Господи, да это Коннор! Мой парень, о котором я сразу же забыла, стоило только пообщаться с поп-звездой. Даже уши со стыда горят. А еще говорят, у женщин особое ревностное чутье на провокационные моменты; видно, в Америке вырастили-таки интуицию в искусственной среде и Коннор обзавелся пузыречком.

– Коннор, – преувеличенно громко восклицаю я, – как я рада тебя слышать!

– Энджел, с тобой все в порядке? – В его голосе сквозит непритворная озабоченность. – Ты как-то странно говоришь.

– Я?! Не-е-ет, ну что ты, – выдавливаю с трудом. – Все в полном порядке. Прекрасно, замечательно – не волнуйся.

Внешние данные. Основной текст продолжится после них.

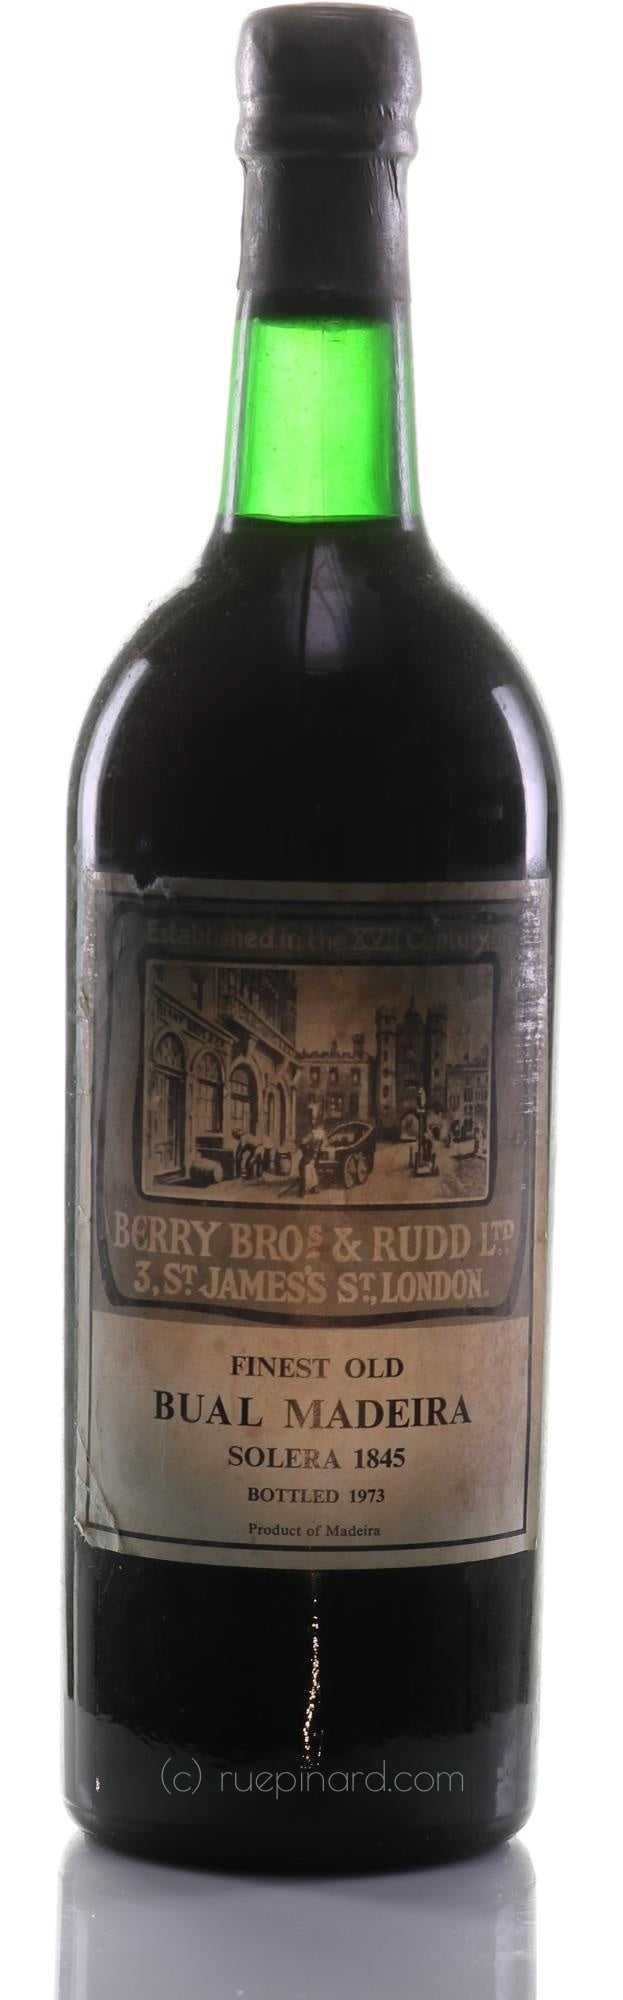 Berry Bros. & Rudd Madeira 1845 Bual Solera - Rue Pinard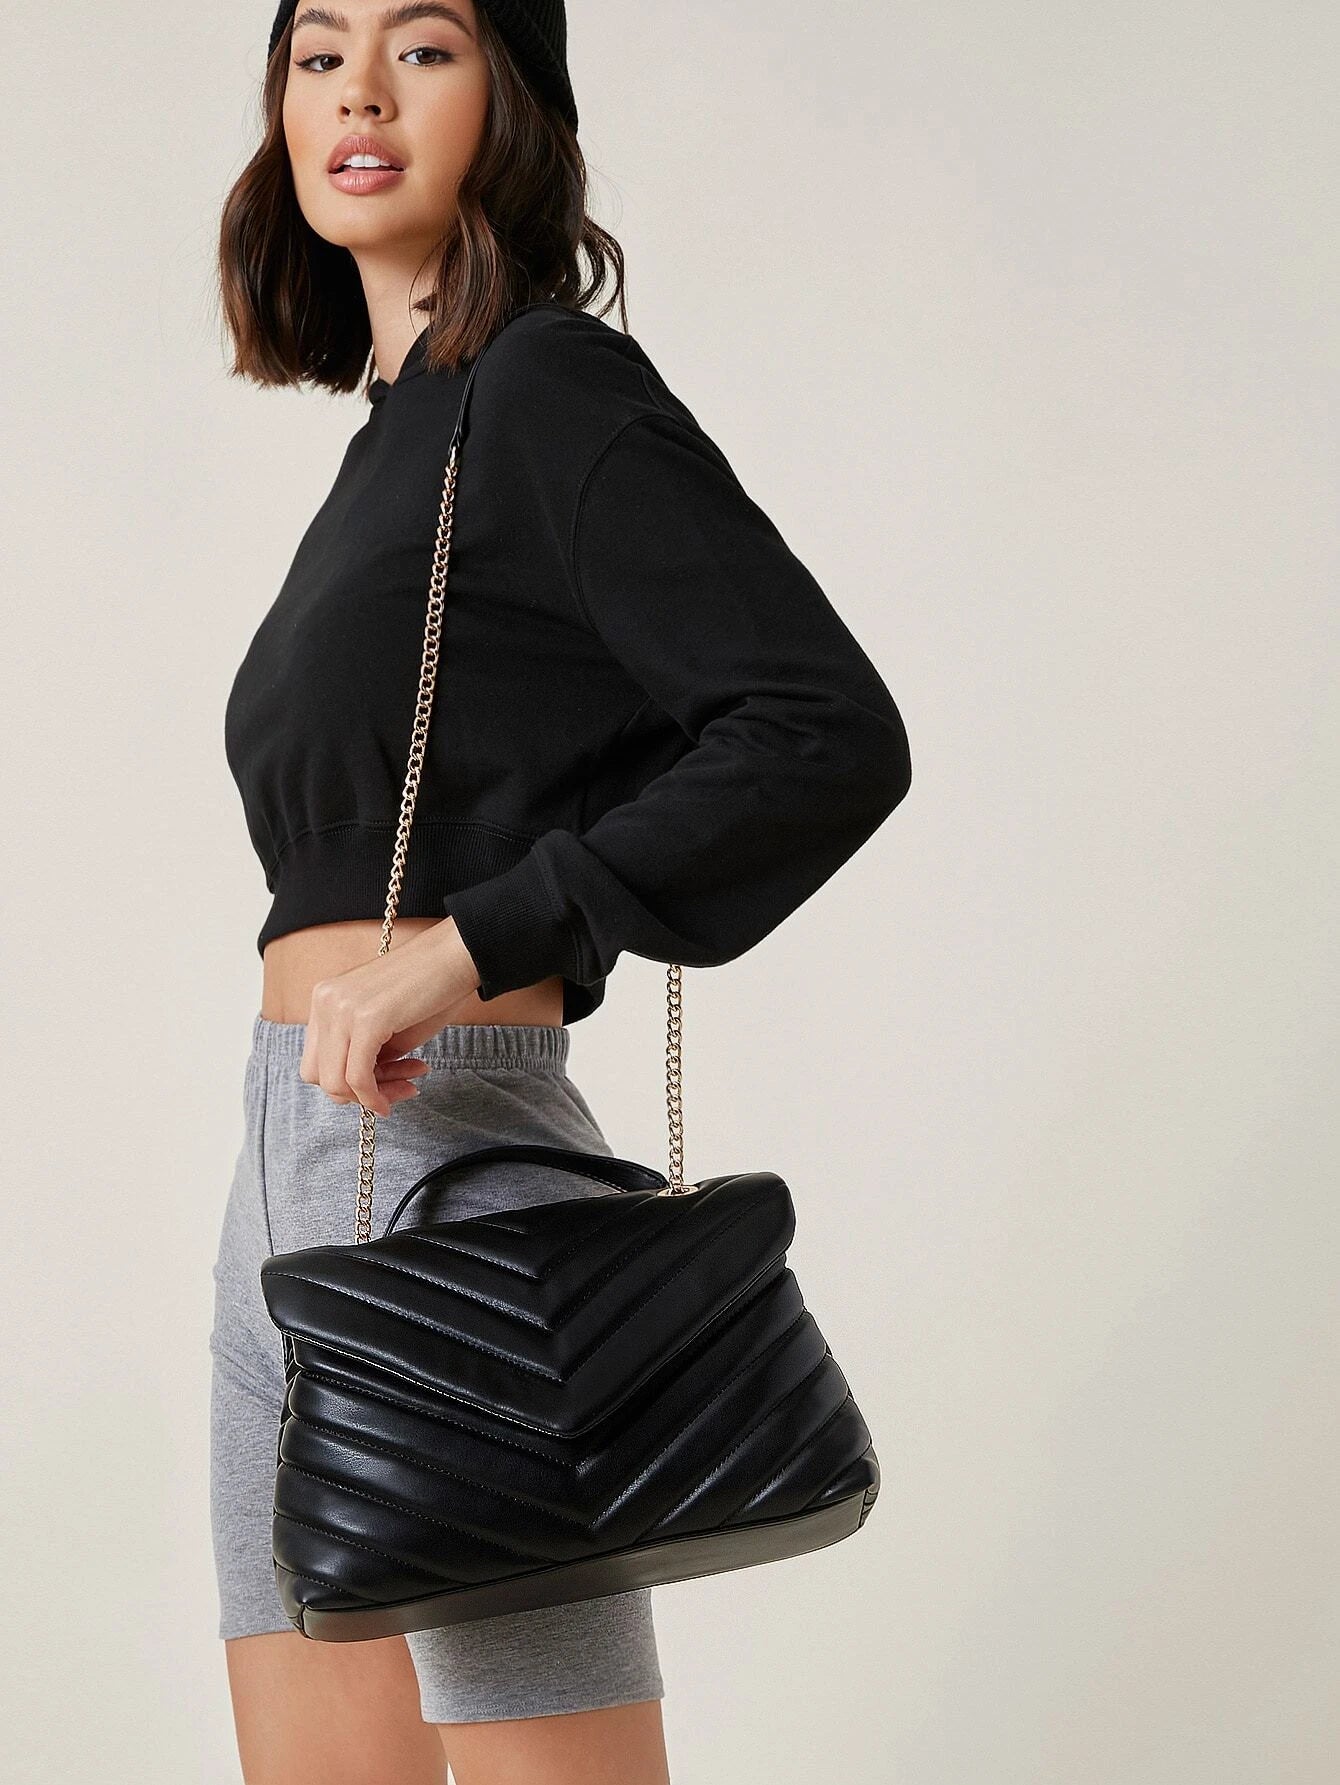 SHEIN BIZwear Chevron Chain Shoulder Bag

Некоторая задержка в разговоре: жду, пока моя реплика дойдет по связи до собеседника, – ведь между нами целый океан.

– А-а, ясно. Значит, помехи. Ты не простудилась? Будто задыхаешься.

– Нет, – резко отвечаю я. – У меня все отлично, на сто двадцать процентов.

– Замечательно, тогда я спокоен. Так что ты там надумала, Энджел?

– Что надумала? В смысле? Ничего я не надумала.

«Совестно? Ни в коем случае!»

– Хм… Я просто хотел узнать, чем ты занимаешься. Что-нибудь интересненькое?

– Да нет, ничего особо интересного. Все у нас по-старому, Коннор, без изменений.

«Если, конечно, не считать, что крупнейший поп-идол Европы поцеловал меня целых четыре раза подряд – дважды в каждую щеку – и что мне это понравилось гораздо больше, чем должно было бы понравиться девушке, собирающейся выйти замуж. И еще у этого самого поп-идола есть номер моего телефона, а у меня – его, и что завтра он обещал мне позвонить. А так – ничего особенного».

– Ну, тогда я рад, что у тебя все в порядке. Просто ты сказала, что позвонишь, и не позвонила, так что я немного забеспокоился.

Его озабоченность несколько помогла мне прийти в чувство и спуститься на землю, чтобы понять, о чем говорит мой парень из далекой Калифорнии, и ненадолго выкинуть из головы витающие там грезы.

– И зря, у меня все отлично. Просто на работе выдался тяжелый день, у меня были кое-какие дела, и я решила немного повременить со звонком. А потом, когда все утрясется, хотела найти время и пообщаться без спешки. Как всегда, самое вкусненькое – напоследок.

– Рад слышать, что я по-прежнему самое вкусненькое, – отшучивается он.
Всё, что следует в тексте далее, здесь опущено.